* _Prompt_: Begin at the line below that has "Copper and Carnelian Earrings". Stop after the line that has "Campo de trigo", repeating each line exactly and leaving out the pictures.

* _Dataset extract_:
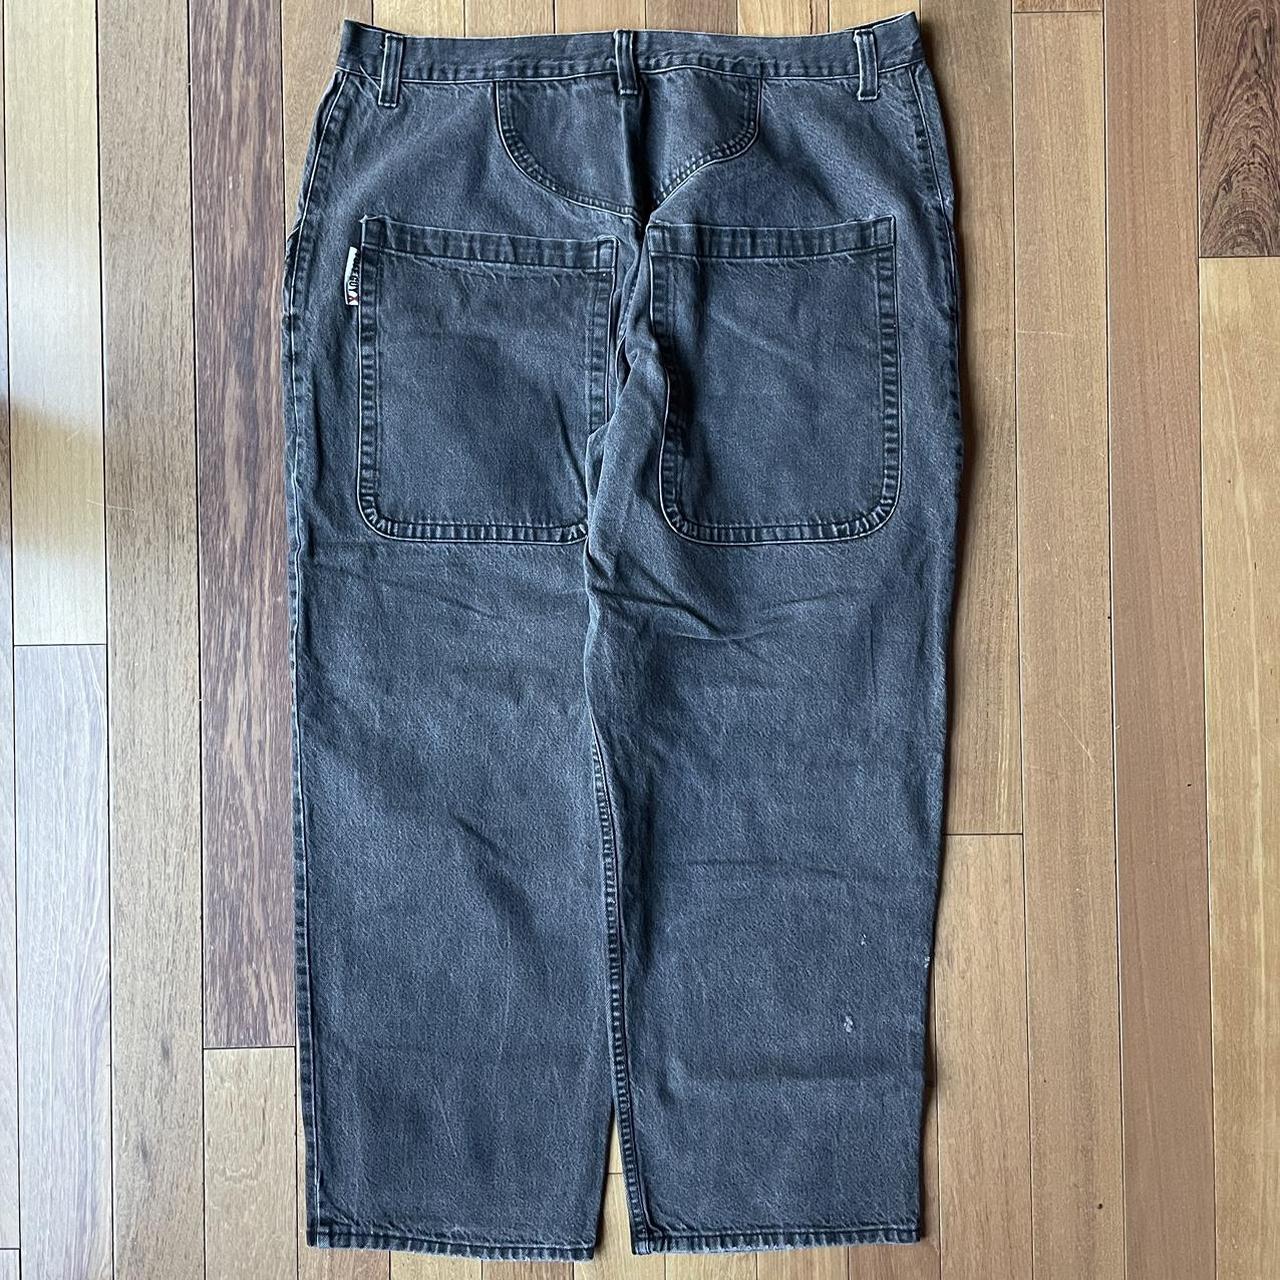 Vintage 90s Turf Guy Wideleg Jeans... - Depop
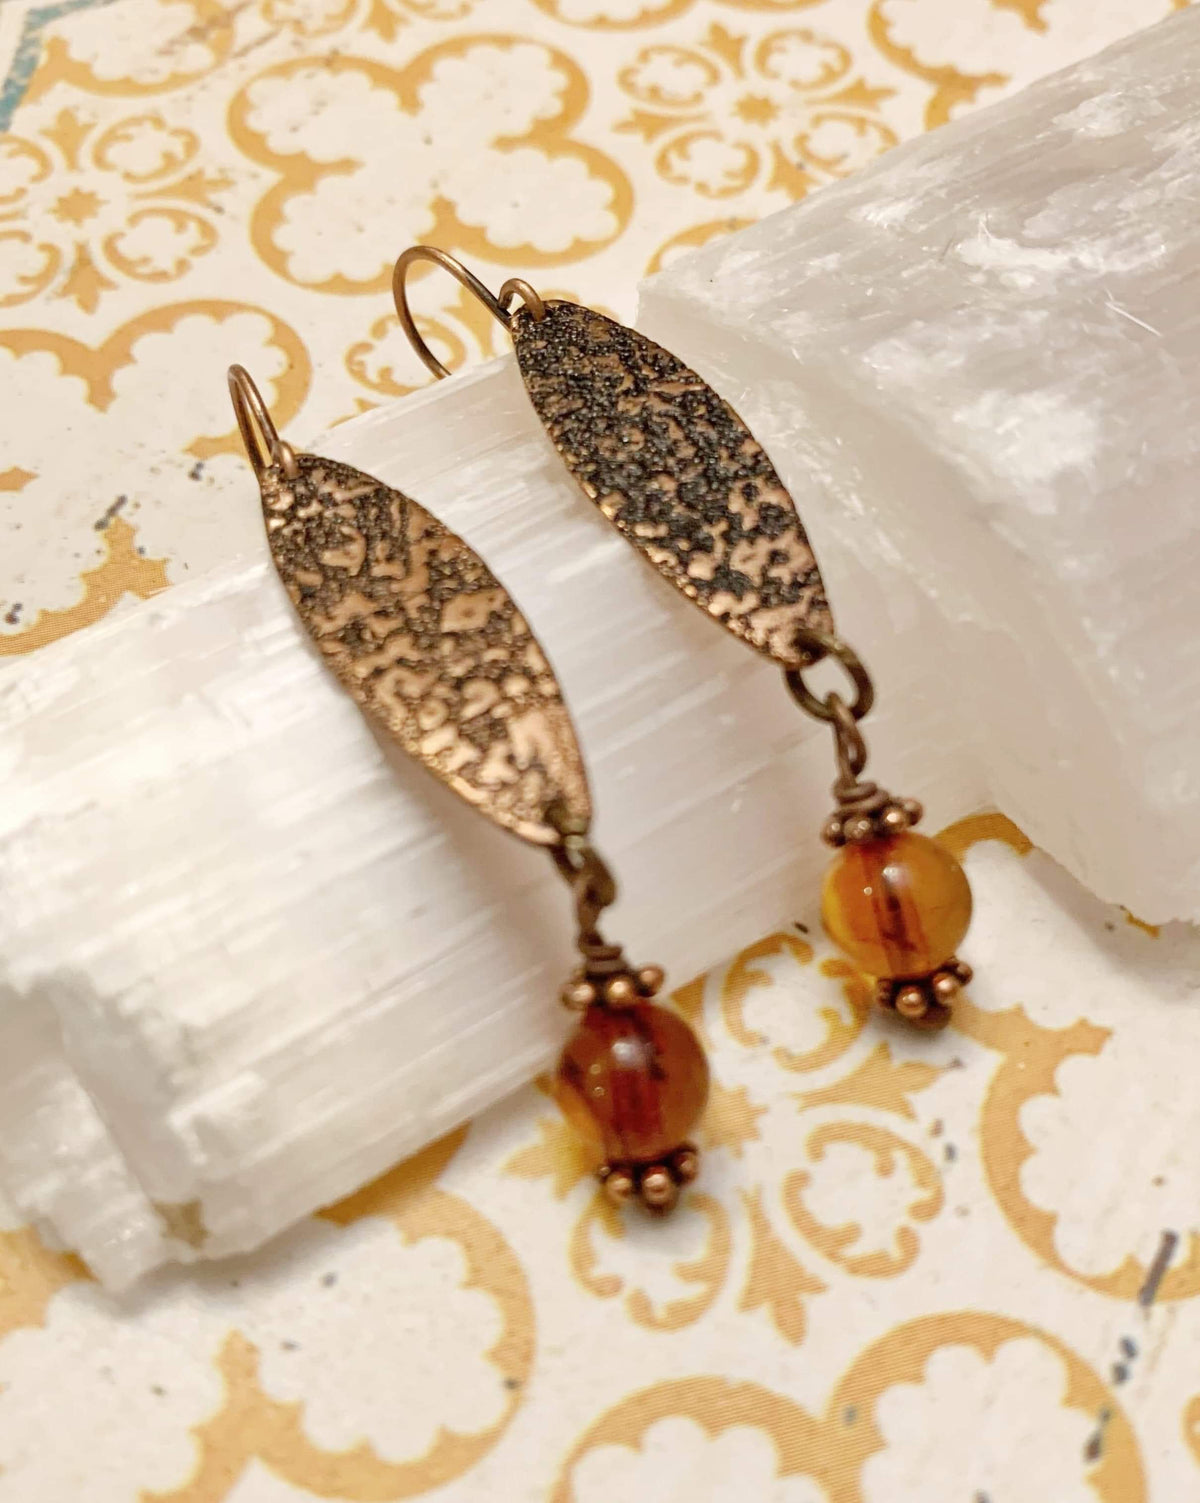 Copper and Carnelian Earrings
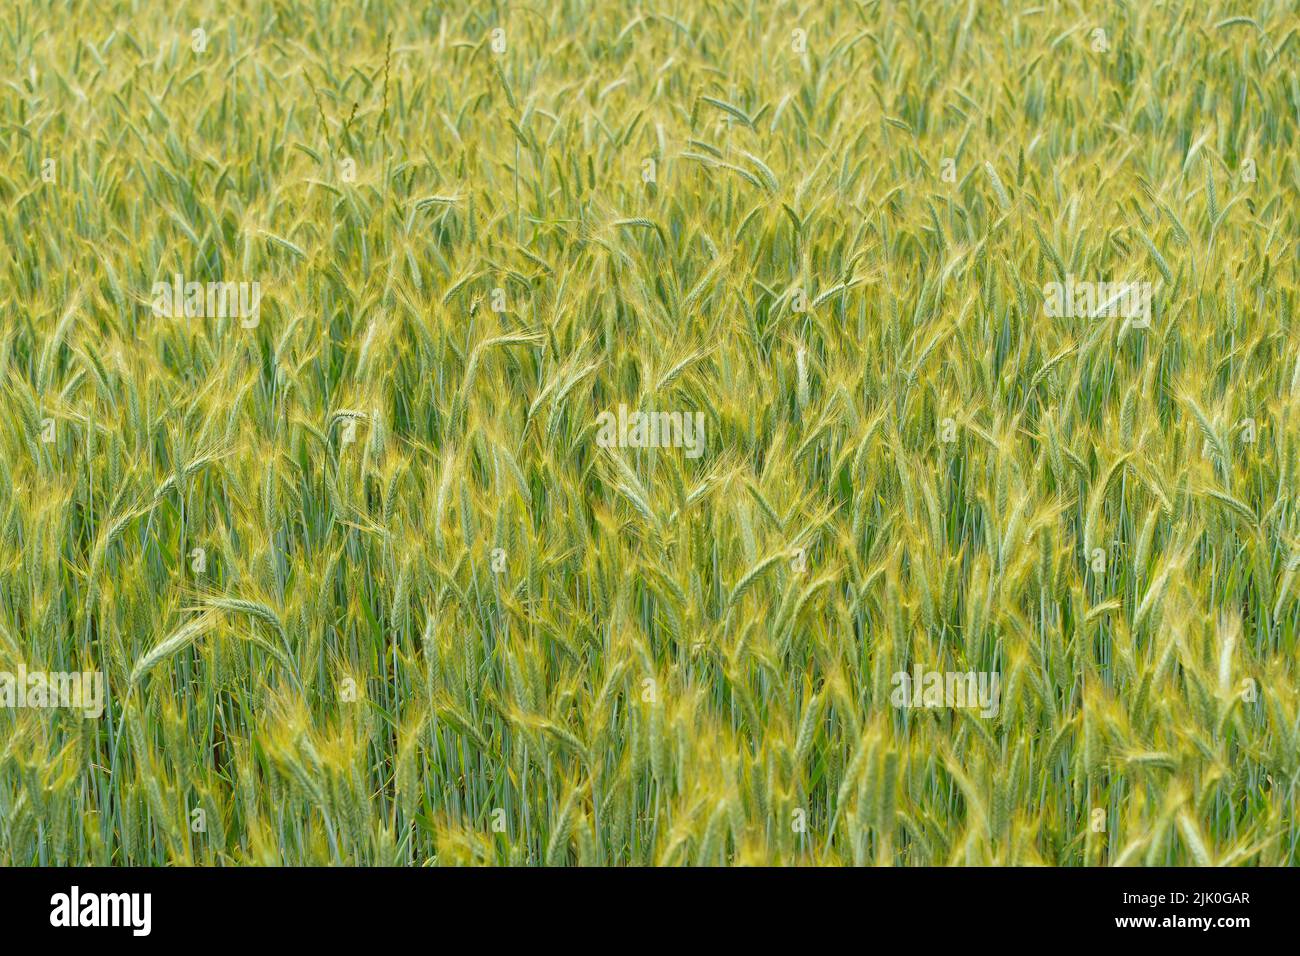 Campo de trigo en verano al atardecer. Orejas maduras de trigo en la granja durante la cosecha de verano. Concepto de agricultura, cereales y naturaleza ecológica. Fotografías de alta calidad Foto de stock
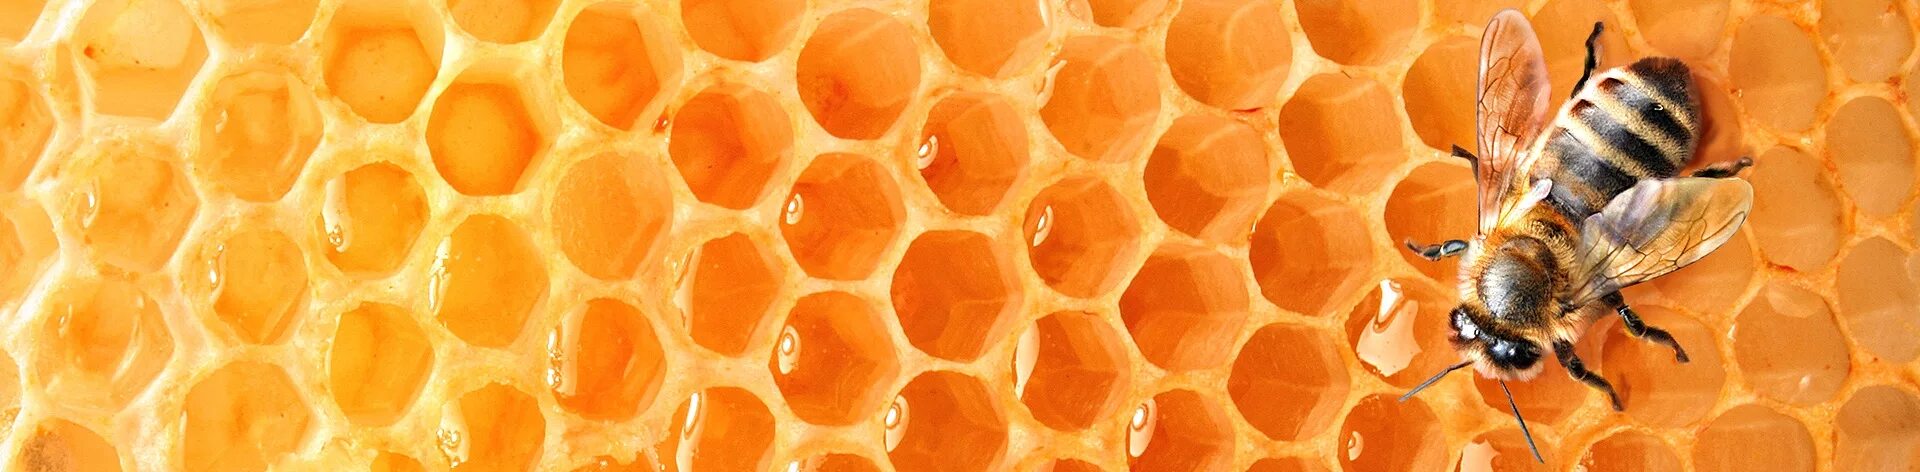 Honey vk. Соты пчелиные. Пчела на сотах. Пчелиные соты с медом. Пчелы и мед.

* _Written solution_:
 Copper and Carnelian Earrings
 Campo de trigo en verano al atardecer. Orejas maduras de trigo en la granja durante la cosecha de verano. Concepto de agricultura, cereales y naturaleza ecológica. Fotografías de alta calidad Foto de stock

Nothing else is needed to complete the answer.